第5話 好き?
アミナを助けるために気合を入れる。
僕はアミナを庇うように覆いかぶさり、獣人を睨みつけた。
「店長さんよぉ。俺たちはただアミナちゃんと楽しもうとしただけだぜ?」
「そ、それはわかっております」
「じゃあなんで邪魔するんだい? あんたにゃ関係ねえだろ」
「確かに関係はありませんが、店の中でそういう行為は困るのです。他のお客様にも迷惑ですので、お控えください」
僕は毅然とした態度で言った。
アミナを守れたらそれでいいのだ。
異世界転生ものの主人公になった気分だよ。
「うるせえ! 黙れ!」
獣人はそう言うと、僕の顔面を殴ってきた。
痛い……。
鼻血が出たみたいだ。
僕は思わず尻餅をつく。
そして殴られ続けた。
ああ……また気絶する。
今度は死んじゃうかも。
でも、アミナが助かるならそれでも良いかも。
……そうか、僕はアミナのことが……
「お前達! ここでなにをやっている!」
怒鳴り声。
振り返ると、王族の紋章を胸に着けた兵士達がいた。
どうやら騒ぎを聞きつけて駆けつけてくれたようだ。
「ちっ、やべえな。

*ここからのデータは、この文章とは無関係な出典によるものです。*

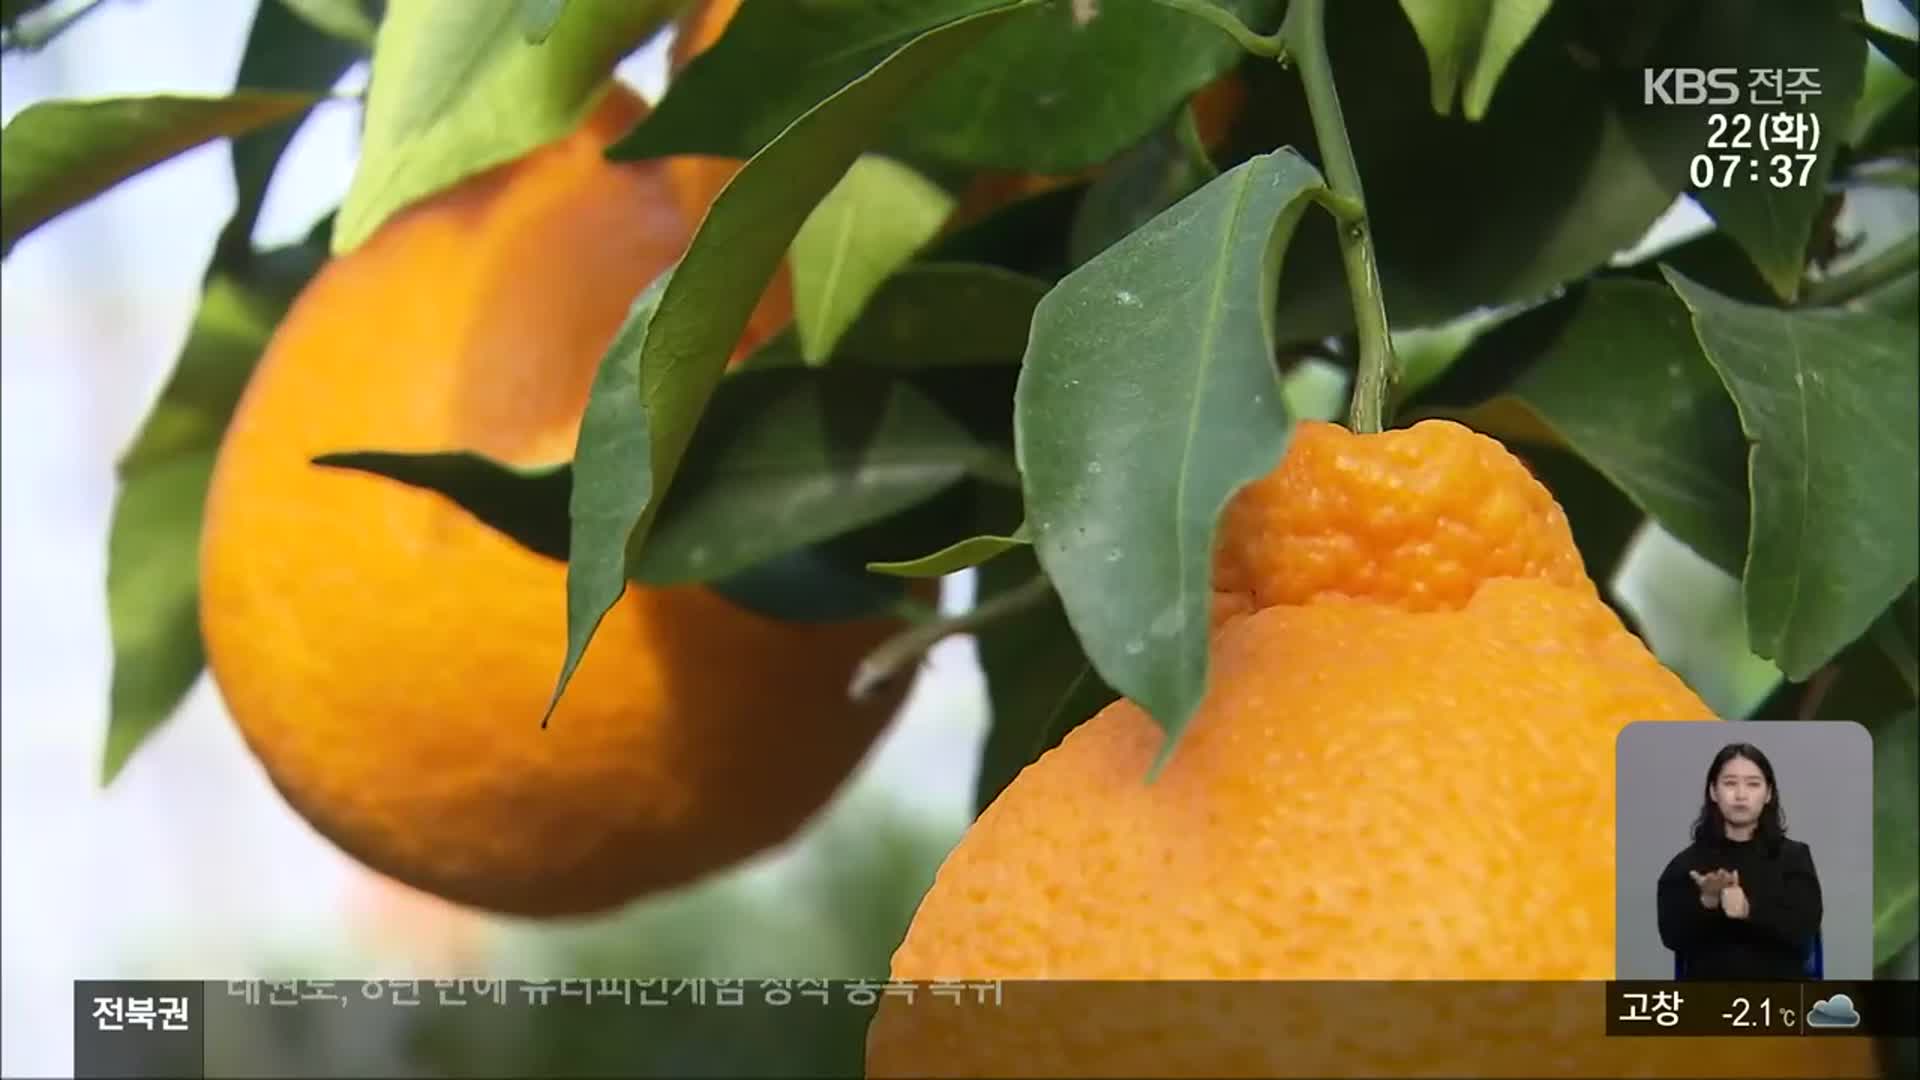 한라봉 등 만감류 재배 늘어…전북, 광역 공동브랜드 출범

おい行くぞ」
獣人と男は逃げていった。
助かった……。
でも、僕は動けなかった。
出血多量で死ぬかもしれない。
「大丈夫か? それにしても王都でこんな商売をやっているとは、ほっておけんな」
兵士の一人が呟いた。
そういえば、ここは王都だったな。
「君たち、名前は?」
兵士が聞いてきた。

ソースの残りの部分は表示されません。